**Data shown**

[Start of section]

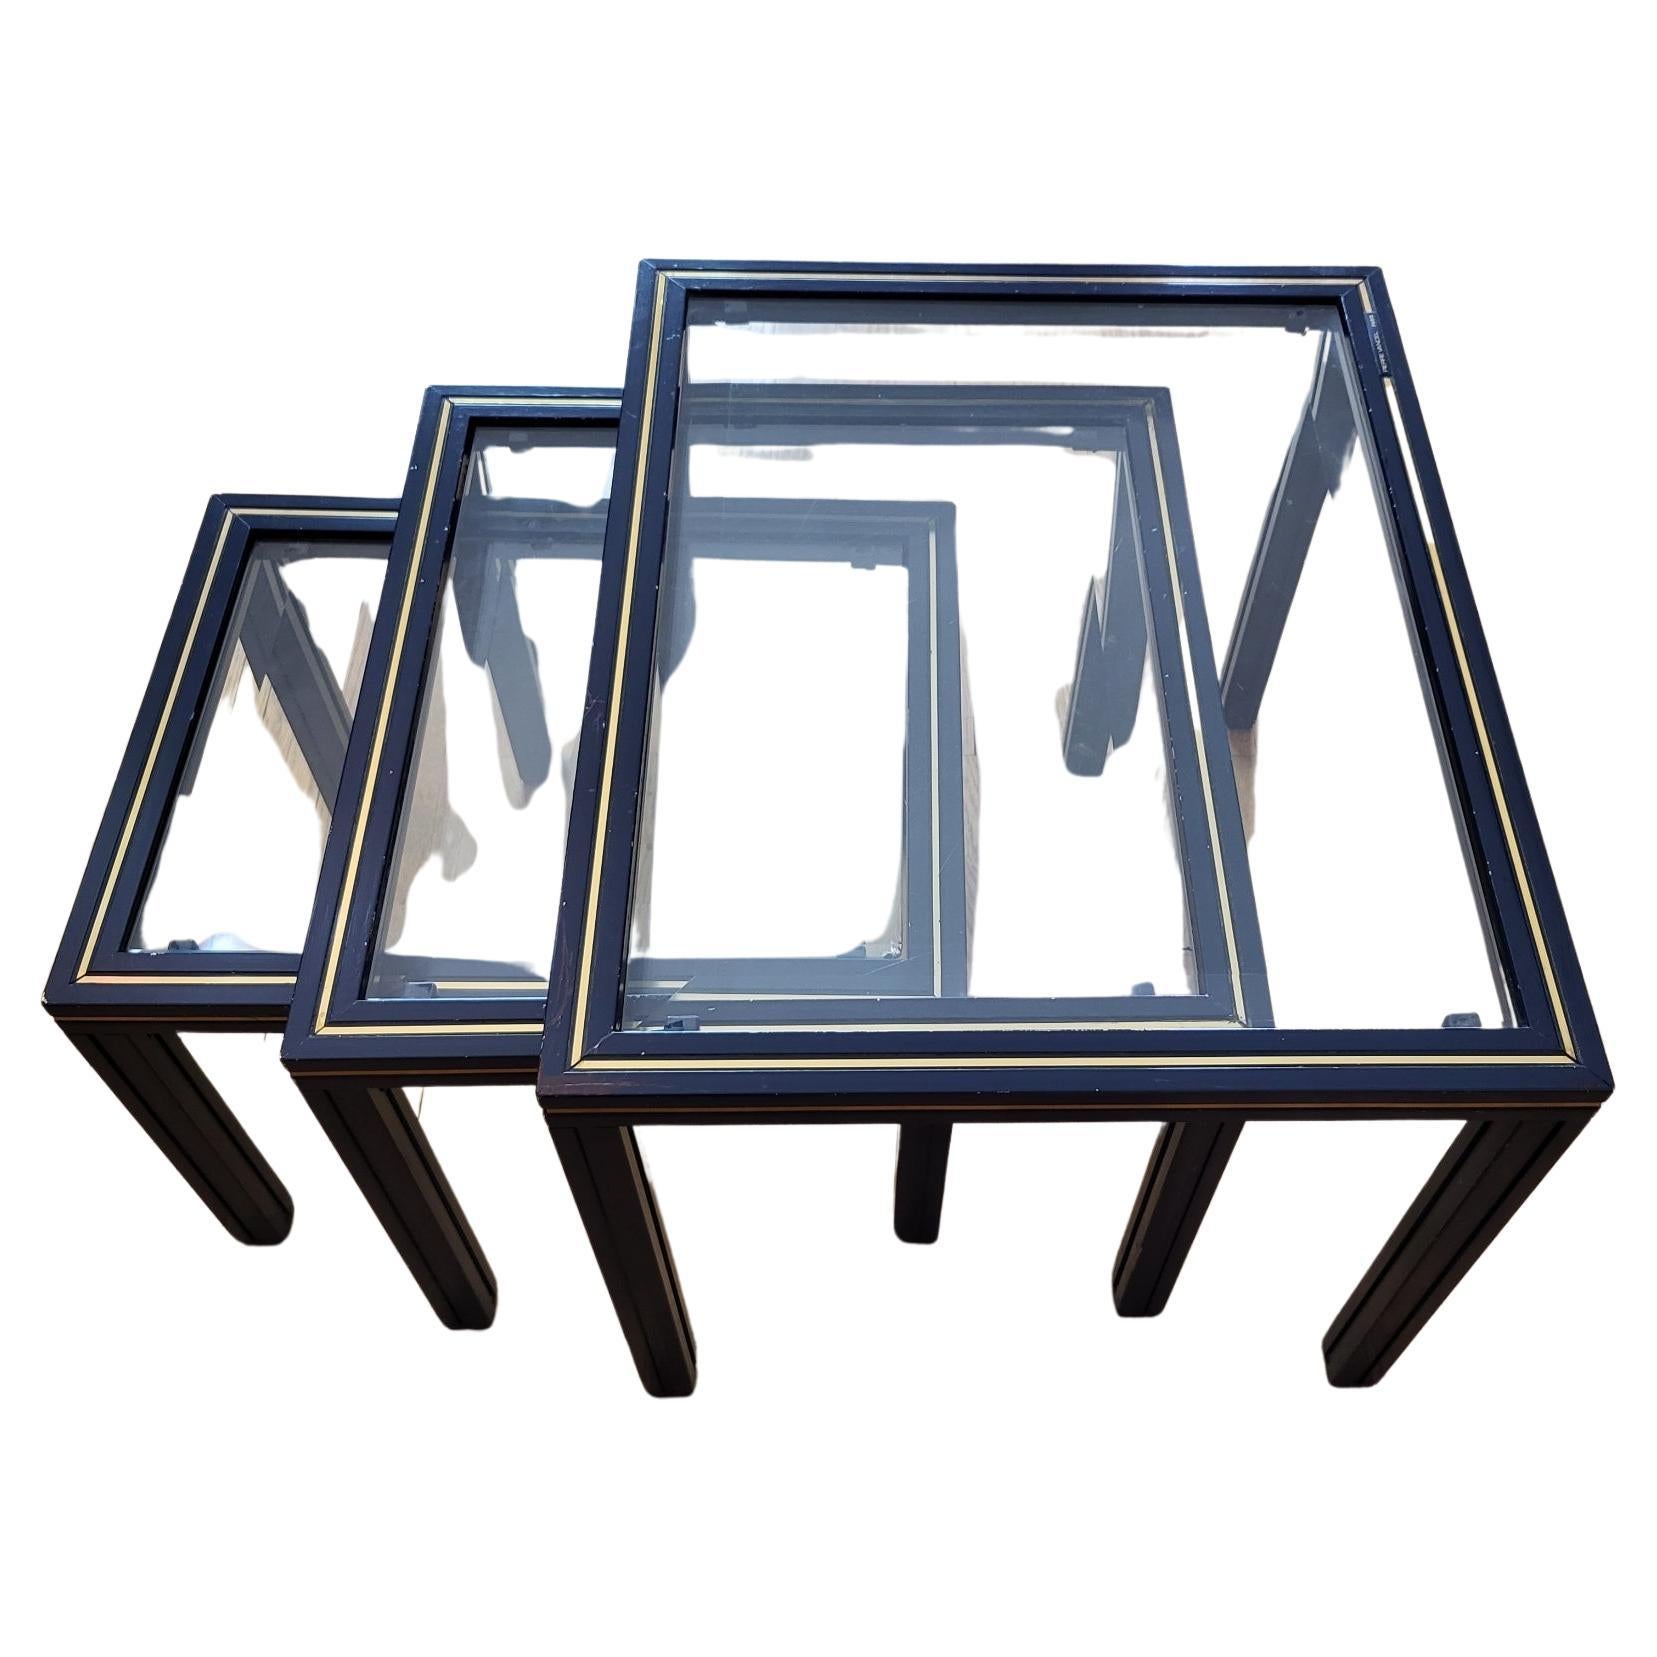 Tables gigognes lot de 3, du designer Pierre Vandel des années 1970, en métal laqué bleu avec un liseret doré et plateau en verre.
Elle ont des marques d'usures apparente visible sur les photos .
Seule la petite table a un coin légèrement
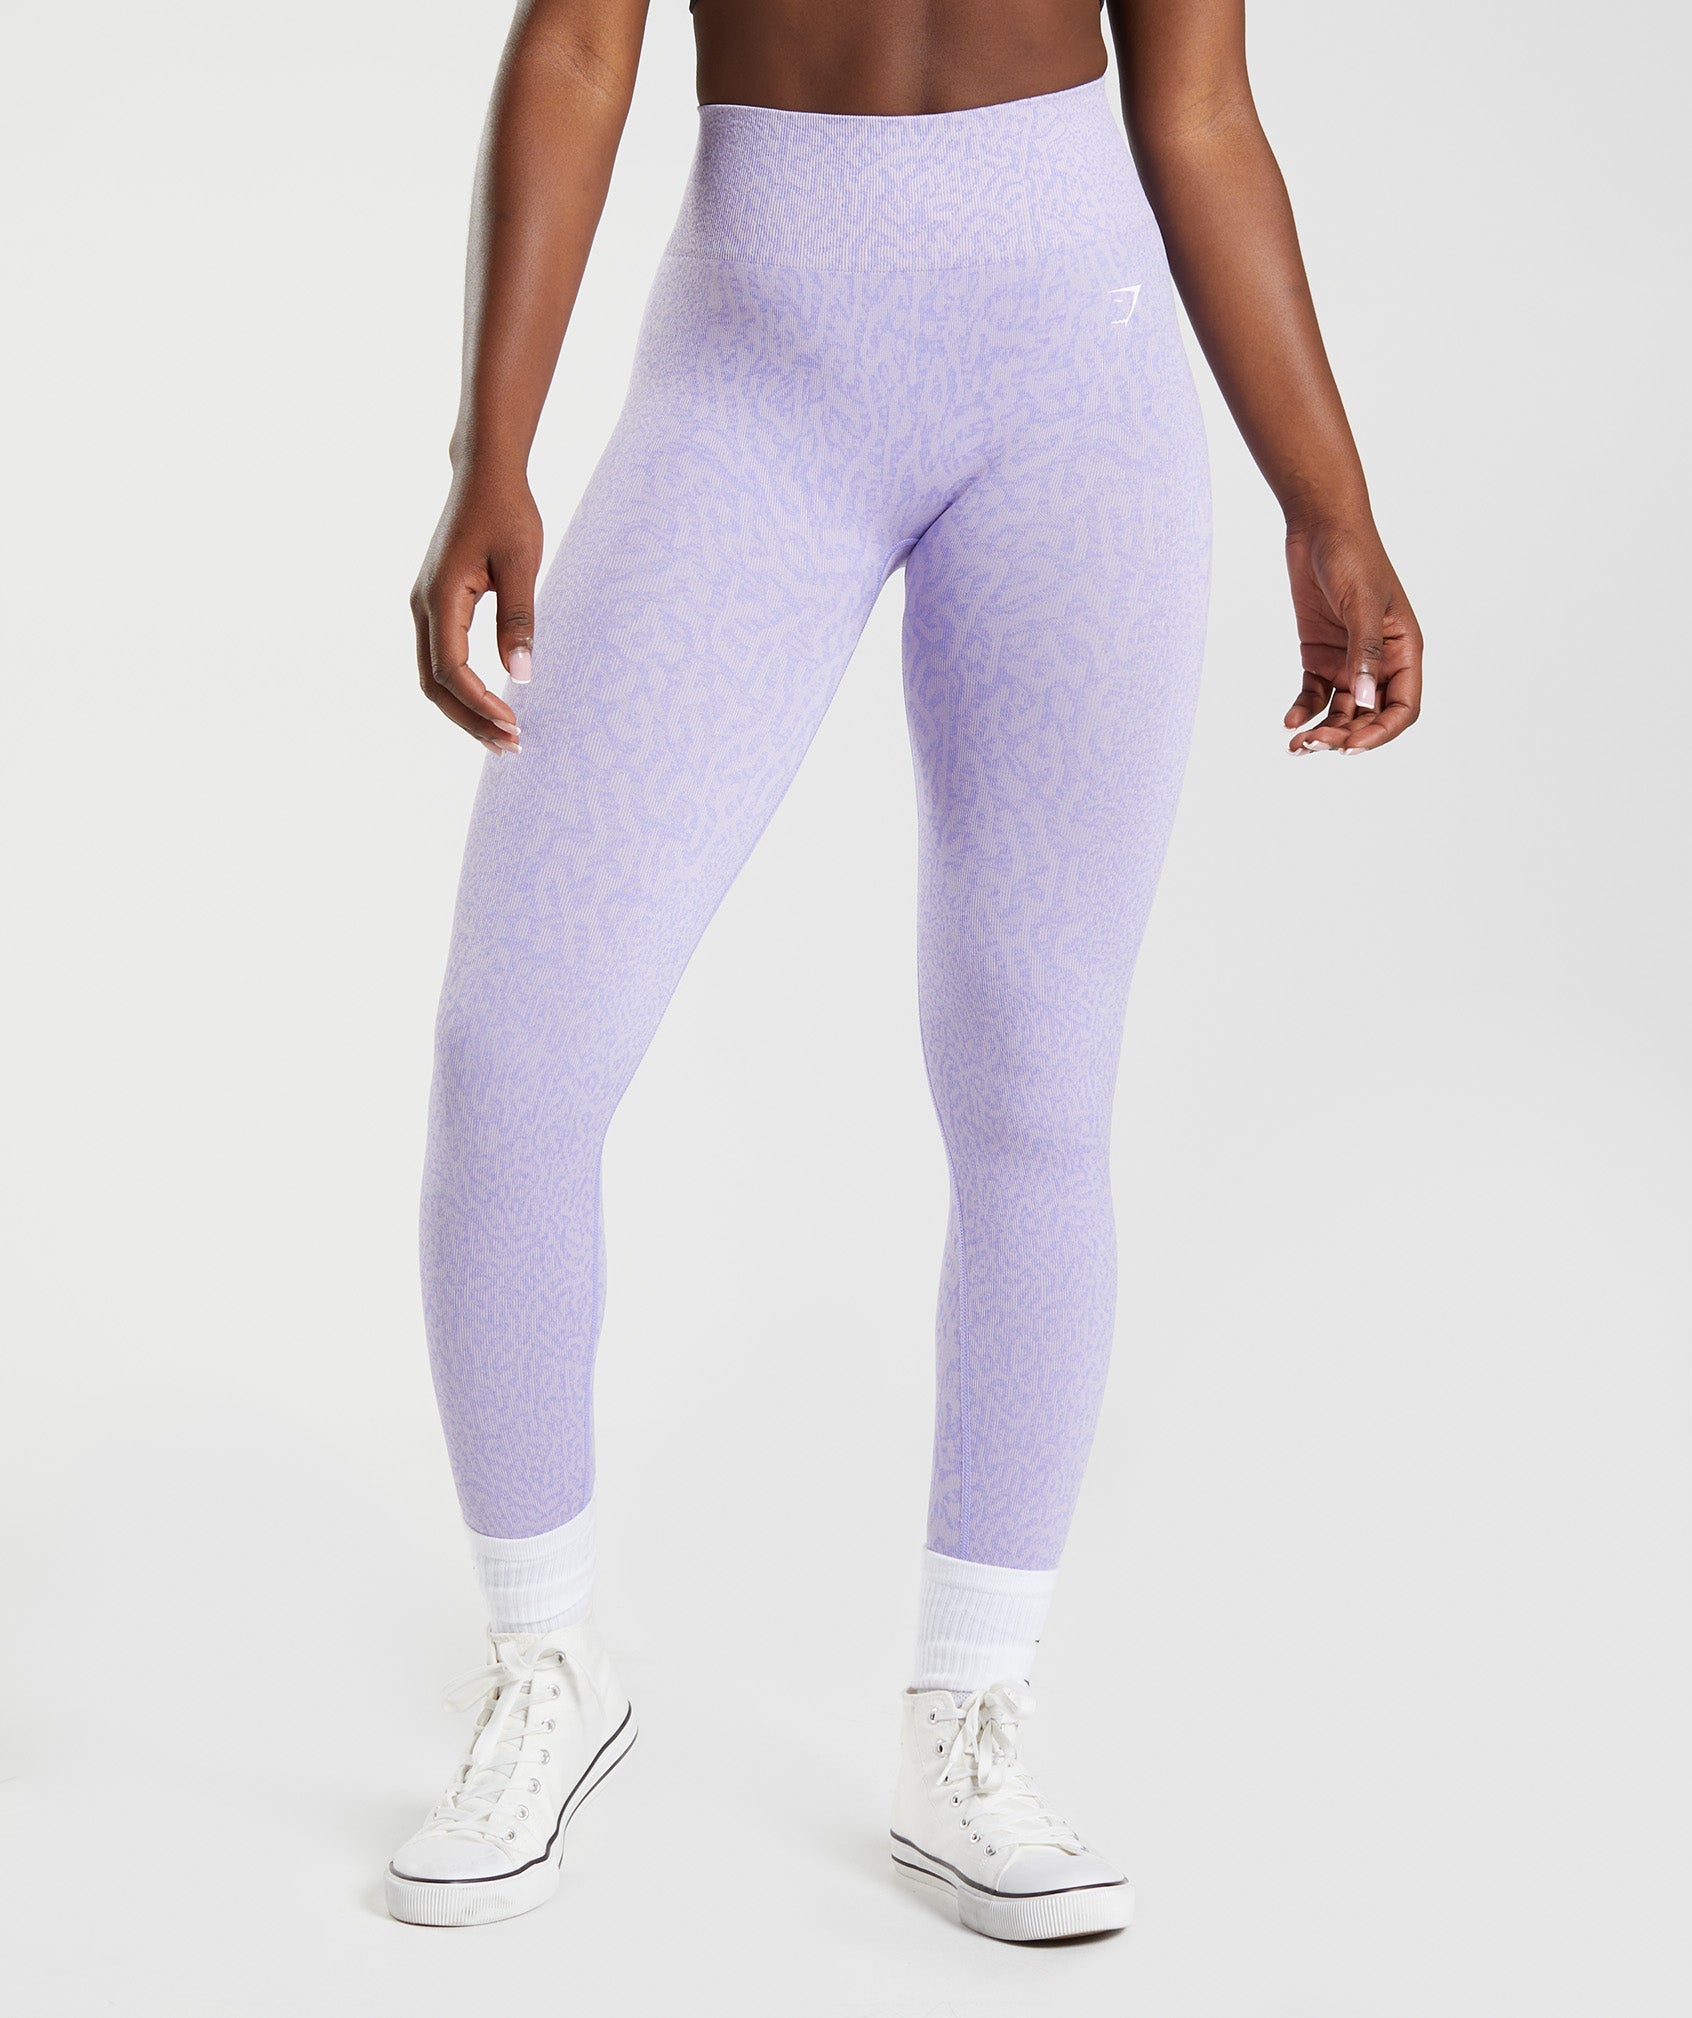 Gymshark Purple Athletic Leggings for Women

[End of section]

**What the task requires**
The reply must hold every line above exactly as written and none of the pictures.

**Task output**
 Tables gigognes lot de 3, du designer Pierre Vandel des années 1970, en métal laqué bleu avec un liseret doré et plateau en verre.
Elle ont des marques d'usures apparente visible sur les photos .
Seule la petite table a un coin légèrement
 Gymshark Purple Athletic Leggings for Women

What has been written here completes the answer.